For the material below, return exactly the lines starting at the line containing "Vorstandsmitglied Frank Thomé" and ending at the line containing "1個100円!ふわふわ豆乳ドーナツがうまい!超老舗豆腐屋「双葉」", both ends included, and no others.
Segment Start: Dataset excerpts
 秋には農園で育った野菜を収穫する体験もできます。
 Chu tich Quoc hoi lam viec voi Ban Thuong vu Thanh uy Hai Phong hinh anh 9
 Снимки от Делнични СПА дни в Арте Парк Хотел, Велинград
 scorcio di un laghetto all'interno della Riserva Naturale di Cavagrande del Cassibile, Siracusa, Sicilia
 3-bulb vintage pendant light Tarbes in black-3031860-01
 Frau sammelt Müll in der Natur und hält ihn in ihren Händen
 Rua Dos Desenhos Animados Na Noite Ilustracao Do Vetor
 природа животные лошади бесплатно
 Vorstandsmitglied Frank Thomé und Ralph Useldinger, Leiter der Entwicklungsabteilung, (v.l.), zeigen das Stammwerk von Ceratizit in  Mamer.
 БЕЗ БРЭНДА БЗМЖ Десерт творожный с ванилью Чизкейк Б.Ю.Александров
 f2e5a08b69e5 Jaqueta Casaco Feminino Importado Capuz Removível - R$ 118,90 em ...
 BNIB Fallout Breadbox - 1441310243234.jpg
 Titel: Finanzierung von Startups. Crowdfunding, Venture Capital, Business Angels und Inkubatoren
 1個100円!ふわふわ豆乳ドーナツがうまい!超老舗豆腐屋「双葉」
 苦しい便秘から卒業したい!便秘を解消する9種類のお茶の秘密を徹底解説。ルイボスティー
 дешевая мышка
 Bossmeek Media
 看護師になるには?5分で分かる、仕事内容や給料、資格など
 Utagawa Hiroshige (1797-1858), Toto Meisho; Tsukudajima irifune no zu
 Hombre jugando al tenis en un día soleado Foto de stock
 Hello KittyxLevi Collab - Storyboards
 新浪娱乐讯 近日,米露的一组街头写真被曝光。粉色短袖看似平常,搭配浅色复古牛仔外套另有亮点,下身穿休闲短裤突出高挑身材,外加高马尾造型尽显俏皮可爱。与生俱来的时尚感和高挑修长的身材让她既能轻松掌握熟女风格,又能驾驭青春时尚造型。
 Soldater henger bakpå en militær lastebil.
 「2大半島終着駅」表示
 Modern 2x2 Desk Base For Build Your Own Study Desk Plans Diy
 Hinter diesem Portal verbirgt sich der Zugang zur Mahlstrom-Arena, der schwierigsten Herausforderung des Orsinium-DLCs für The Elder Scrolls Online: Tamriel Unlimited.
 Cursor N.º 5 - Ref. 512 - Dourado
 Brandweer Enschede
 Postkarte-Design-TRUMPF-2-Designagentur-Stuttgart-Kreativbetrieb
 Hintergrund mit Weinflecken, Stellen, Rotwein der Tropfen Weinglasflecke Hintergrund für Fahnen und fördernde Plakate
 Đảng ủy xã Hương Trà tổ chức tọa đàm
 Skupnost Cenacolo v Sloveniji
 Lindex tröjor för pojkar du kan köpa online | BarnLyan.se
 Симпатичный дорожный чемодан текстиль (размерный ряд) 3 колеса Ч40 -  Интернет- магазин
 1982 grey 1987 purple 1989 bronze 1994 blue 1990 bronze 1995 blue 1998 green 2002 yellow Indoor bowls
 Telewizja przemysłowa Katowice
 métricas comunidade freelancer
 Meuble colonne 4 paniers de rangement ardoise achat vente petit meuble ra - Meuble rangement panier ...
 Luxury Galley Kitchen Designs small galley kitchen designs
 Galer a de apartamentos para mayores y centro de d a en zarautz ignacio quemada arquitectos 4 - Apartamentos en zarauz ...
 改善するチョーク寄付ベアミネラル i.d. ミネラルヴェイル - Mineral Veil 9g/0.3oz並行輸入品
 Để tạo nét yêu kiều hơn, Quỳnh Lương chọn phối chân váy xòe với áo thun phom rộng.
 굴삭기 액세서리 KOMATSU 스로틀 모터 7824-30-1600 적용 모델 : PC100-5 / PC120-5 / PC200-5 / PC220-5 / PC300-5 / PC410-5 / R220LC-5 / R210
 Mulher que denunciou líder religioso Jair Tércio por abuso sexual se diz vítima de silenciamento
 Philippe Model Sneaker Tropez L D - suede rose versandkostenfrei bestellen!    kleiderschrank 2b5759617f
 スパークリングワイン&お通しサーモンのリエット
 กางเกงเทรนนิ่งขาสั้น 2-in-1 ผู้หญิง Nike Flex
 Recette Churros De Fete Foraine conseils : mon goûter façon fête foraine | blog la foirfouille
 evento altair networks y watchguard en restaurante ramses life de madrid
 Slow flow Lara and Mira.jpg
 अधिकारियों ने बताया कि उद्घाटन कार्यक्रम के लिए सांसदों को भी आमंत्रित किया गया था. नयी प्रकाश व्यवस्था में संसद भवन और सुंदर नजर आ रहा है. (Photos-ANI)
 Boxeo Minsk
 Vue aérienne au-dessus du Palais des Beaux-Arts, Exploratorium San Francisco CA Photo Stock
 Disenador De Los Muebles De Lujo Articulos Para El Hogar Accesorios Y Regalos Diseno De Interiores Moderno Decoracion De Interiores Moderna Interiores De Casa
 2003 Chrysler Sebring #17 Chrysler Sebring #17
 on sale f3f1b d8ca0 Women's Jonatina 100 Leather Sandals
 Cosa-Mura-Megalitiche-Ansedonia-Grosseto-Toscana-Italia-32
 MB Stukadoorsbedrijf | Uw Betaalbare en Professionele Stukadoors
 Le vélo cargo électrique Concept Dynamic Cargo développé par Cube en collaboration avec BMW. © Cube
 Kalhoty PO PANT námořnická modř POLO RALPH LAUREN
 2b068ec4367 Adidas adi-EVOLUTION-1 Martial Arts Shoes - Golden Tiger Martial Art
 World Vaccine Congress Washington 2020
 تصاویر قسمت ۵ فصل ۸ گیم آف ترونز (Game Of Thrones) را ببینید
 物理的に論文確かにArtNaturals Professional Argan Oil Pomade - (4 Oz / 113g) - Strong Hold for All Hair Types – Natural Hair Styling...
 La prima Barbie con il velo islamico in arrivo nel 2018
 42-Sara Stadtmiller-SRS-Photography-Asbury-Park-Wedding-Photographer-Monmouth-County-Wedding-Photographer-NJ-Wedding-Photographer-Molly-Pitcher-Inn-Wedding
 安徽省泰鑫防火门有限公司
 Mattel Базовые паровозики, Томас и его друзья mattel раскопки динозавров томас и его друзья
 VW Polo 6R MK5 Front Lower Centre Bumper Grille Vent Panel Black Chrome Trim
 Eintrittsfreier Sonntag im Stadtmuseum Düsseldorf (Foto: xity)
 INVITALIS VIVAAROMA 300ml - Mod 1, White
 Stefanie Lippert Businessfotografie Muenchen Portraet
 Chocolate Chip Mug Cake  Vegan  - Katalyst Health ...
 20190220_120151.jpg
Segment End: Dataset excerpts
Response —
 Vorstandsmitglied Frank Thomé und Ralph Useldinger, Leiter der Entwicklungsabteilung, (v.l.), zeigen das Stammwerk von Ceratizit in  Mamer.
 БЕЗ БРЭНДА БЗМЖ Десерт творожный с ванилью Чизкейк Б.Ю.Александров
 f2e5a08b69e5 Jaqueta Casaco Feminino Importado Capuz Removível - R$ 118,90 em ...
 BNIB Fallout Breadbox - 1441310243234.jpg
 Titel: Finanzierung von Startups. Crowdfunding, Venture Capital, Business Angels und Inkubatoren
 1個100円!ふわふわ豆乳ドーナツがうまい!超老舗豆腐屋「双葉」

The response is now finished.